PENN Sells Barstool Sports for $1: Q2 2023 Earnings Call Summary

PENN sells Barstool Sports back to Dave Portnoy for $1 and inks a $2B sports betting deal with ESPN.

10 months ago   •   4 min read


PENN Entertainment ($PENN) had a big day in the news, with multiple articles highlighting its second-quarter earnings and revenue beating estimates, as well as its partnership with Disney's ESPN to enter the sports betting market.

The company also announced they're selling BarStool Sports back to back Dave Portnoy got it back for $1 as part of the ESPN deal, which they paid some $550 million for 3.5 years ago...not a bad deal for Barstool.

The company's stock surged following the $2 billion deal, which includes rebranding and relaunching its sportsbook as ESPN Bet. The partnership has drawn both praise and criticism, with some analysts concerned about potential conflicts of interest.

PENN Q2 2023 Earnings Call Summary

The following summary is from our Earnings Call Assistant, which you can learn more about here.

PENN sells Barstool Sports back to Dave Portnoy for $1

PENN Entertainment has sold Barstool Sports back to its founder, Dave Portnoy, to focus on the partnership with ESPN.

As part of this transaction, we are selling Barstool Sports back to its founder, Dave Portnoy. Dave, Erika, Big Cat and everyone at Barstool have been great to work with over the last 3.5 years and were the ideal partners to help us launch and rapidly scale our digital footprint across 16 jurisdictions in the U.S.
With the sale, Barstool will now be able to return to what it does best: provide unique and authentic entertainment content to their loyal fan base, without the restrictions and guardrails that come from being owned by a publicly traded, licensed, regulated gaming company. - Jay Snowden


PENN Entertainment announces a long-term agreement with ESPN for U.S. online sports betting:

"We look forward to combining PENN’s operational expertise, proprietary tech stack, expansive market access, and rapidly growing PENN Play database with ESPN's reach within the world of sports." - Jay Snowden

Jay Snowden highlighted the complementary nature of the partnership with ESPN, emphasizing the strength of the ESPN brand and the appeal it will have to a wide audience.

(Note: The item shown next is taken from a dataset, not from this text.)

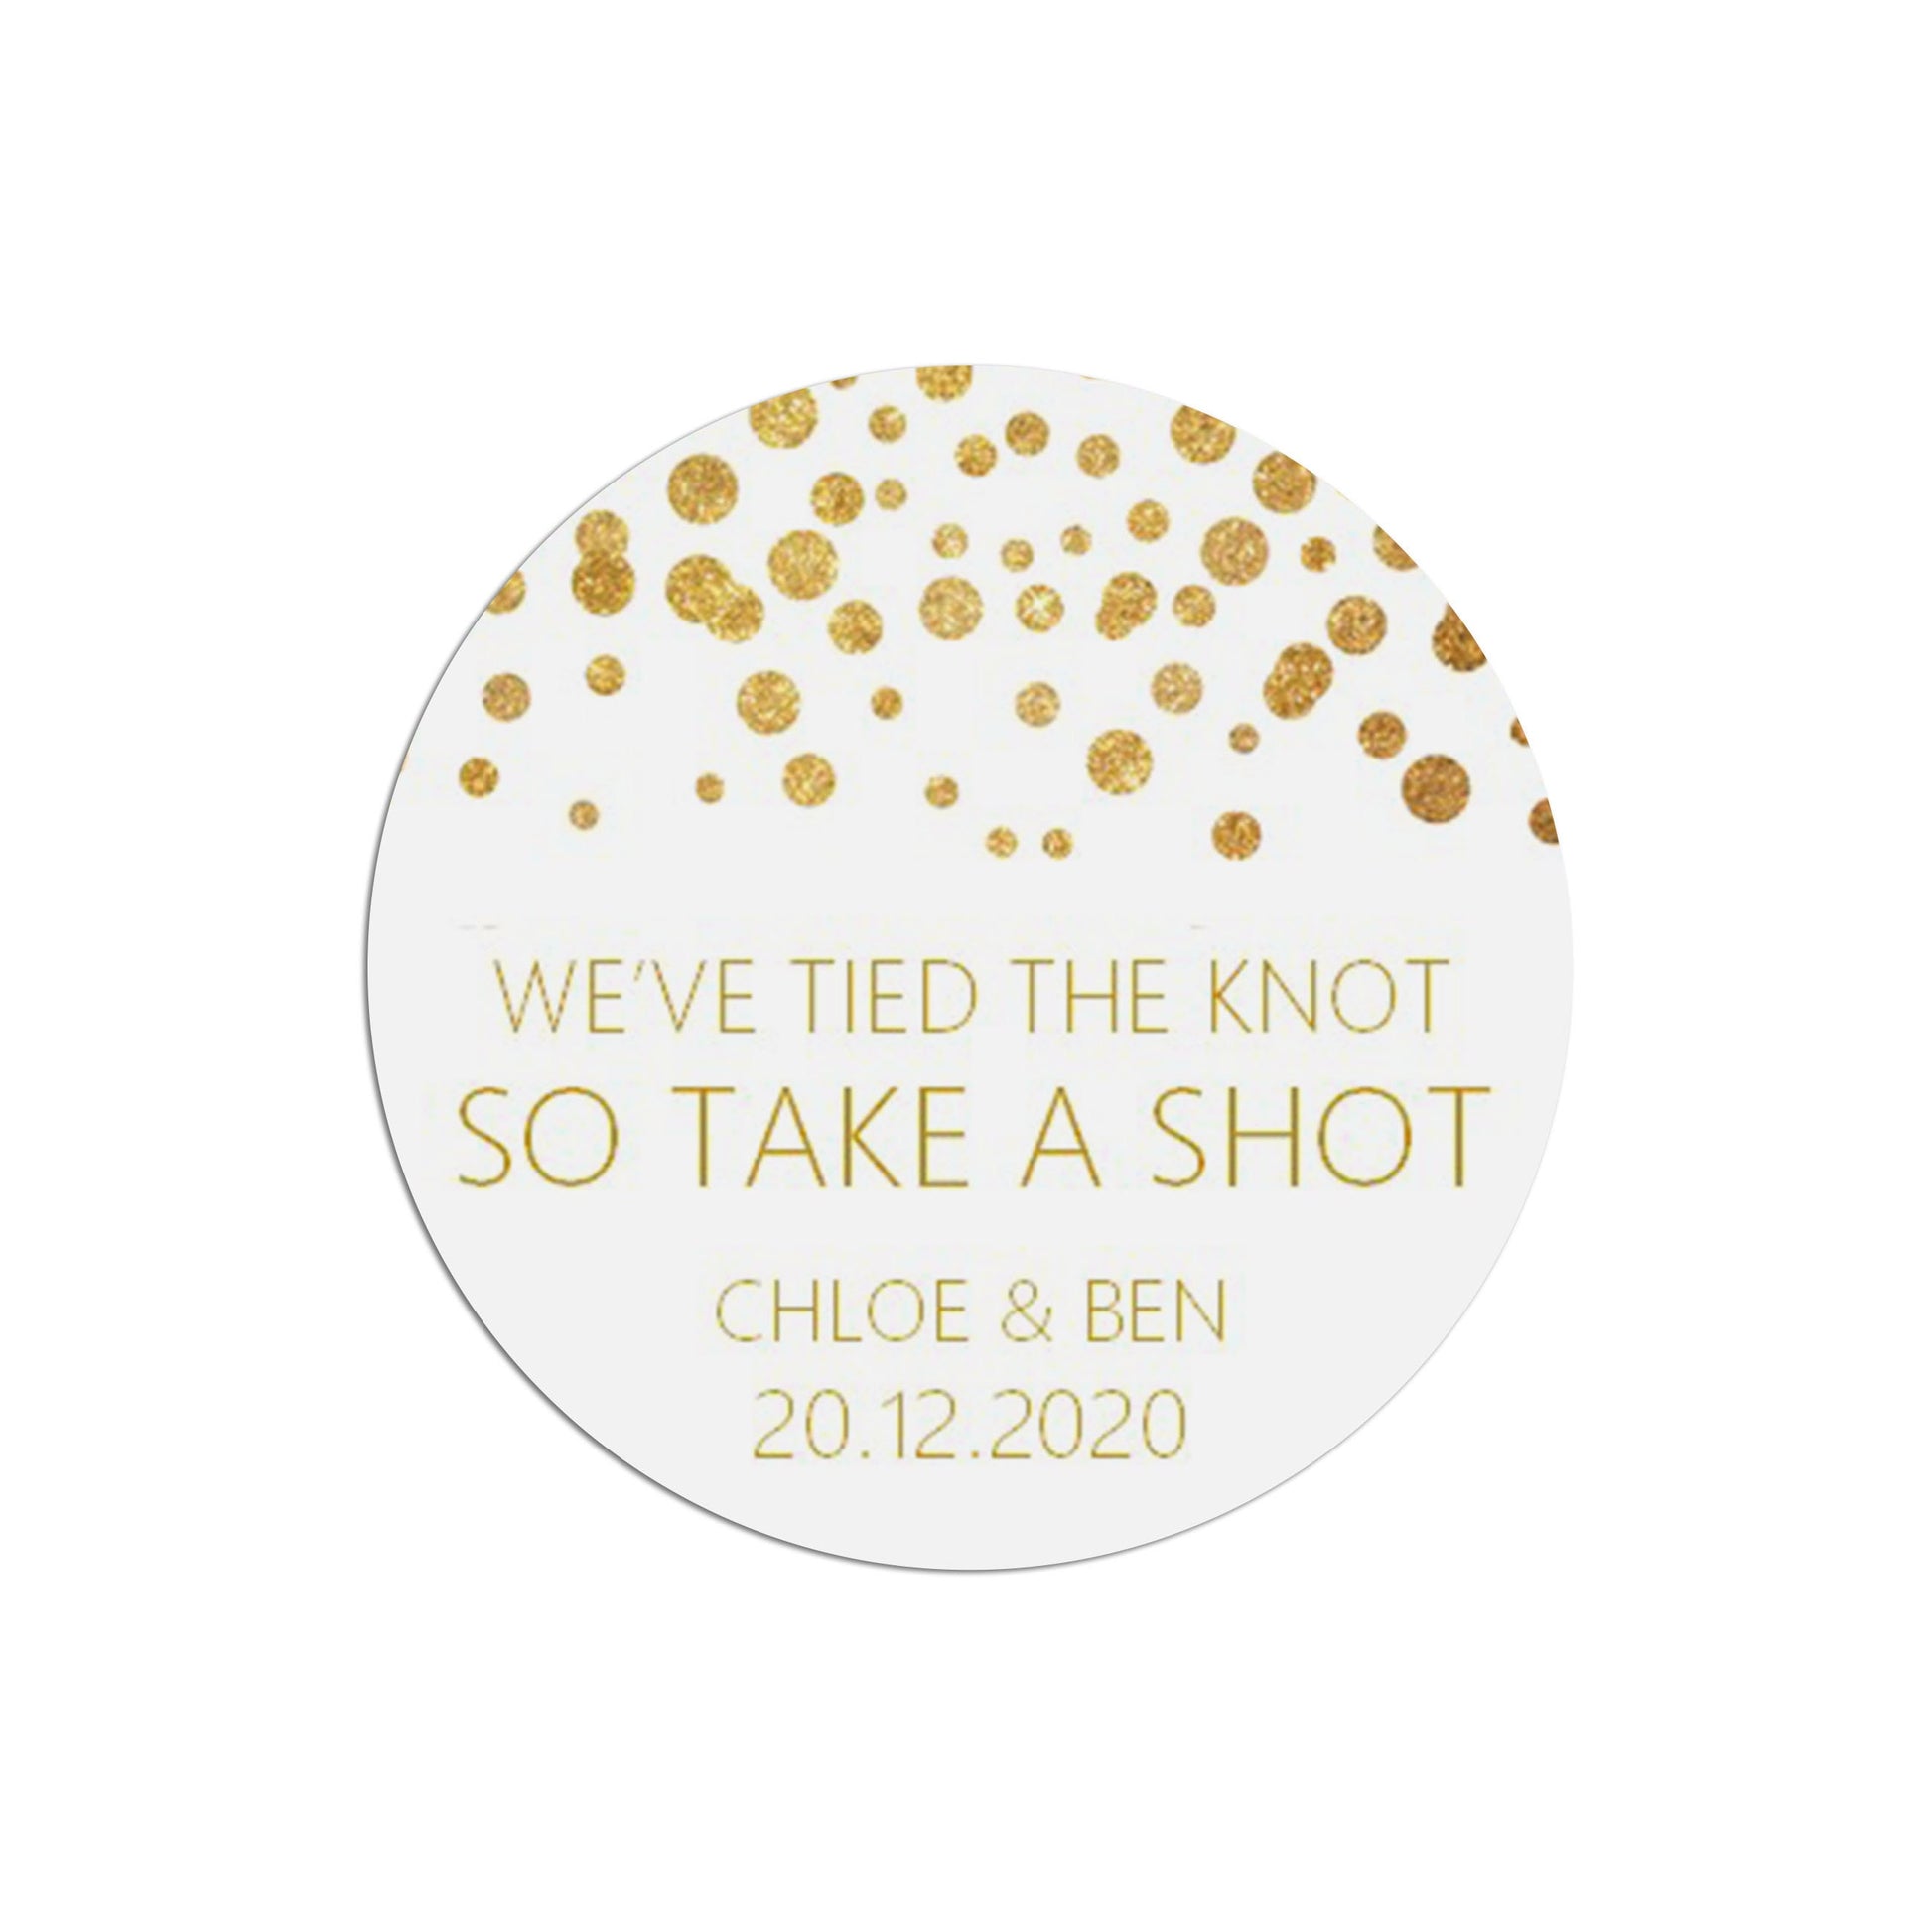 Take A Shot Wedding Stickers, Gold Effect 37mm Round Personalised x 35 Stickers Per Sheet

"With this deal, ESPN now becomes a highly aligned long-term strategic partner for PENN." - Jay Snowden

Snowden discussed the promotional spend and marketing strategy for the launch of ESPN Bet, stating that the majority of promotional expenses will occur in Q4 2021 and Q1 2022, with a focus on big sporting events like the NFL playoffs and March Madness.

"As you think about it, there’s going to be – that’s where the lion’s share of your promotional expense is going to be as you’re bringing a lot of new people into the ecosystem with the first-time deposit match and the like." - Jay Snowden

Snowden addressed concerns about market share and stated that the exclusive, ESPN-branded, fully integrated partnership. The CEO mentioned that they will not provide a specific market share threshold for terminating the agreement, but they have no intention of being 4% or 5% market share players. They expect to be within the range provided in their investor presentation.

"We’re not doing this deal to be 4% or 5% market share players. That’s not going to be acceptable for us. It’s not going to be acceptable for ESPN." - Jay Snowden, CEO

The company plans to offer iGaming within the ESPN Bet sports betting platform in states where online casino is legal. They believe multiple brands are needed for online casino and are focusing on the Hollywood brand.

"We will have a Hollywood-branded iCasino offering within the ESPN Bet sports betting offering and platform in all states where online casino is legal." - Jay Snowden, CEO

Snowden mentioned that Penn owns the customers in the ESPN Bet ecosystem and that responsible gaming measures will be implemented.

"Anyone who is in the ESPN Bet, specifically the ESPN Bet ecosystem, is owned by PENN...We feel like we’ve got a path forward and a road map on how to market to the database in a very responsible way." - Jay Snowden

The executives expressed confidence in sustaining current profit margins, citing the rationality of labor and marketing expenses in the industry and the positive impact of technology enhancements.

"We’re very comfortable as we move forward with those being the two expense drivers that we’re in a good place. And then with our technology enhancements, we think that will continue to add to our margin profile." - Todd George


Please note this pages serves informational purposes only and does not constitute as financial advice, always use your own judgement and due diligence. The financial data and insights provided uses OpenAI's GPT API and are derived from a variety of sources which are believed to be reliable. However, we do not warrant the accuracy or completeness of this data, and the data should not be relied upon as such. All the financial data and insights are provided "as is", without warranty of any kind, either express or implied.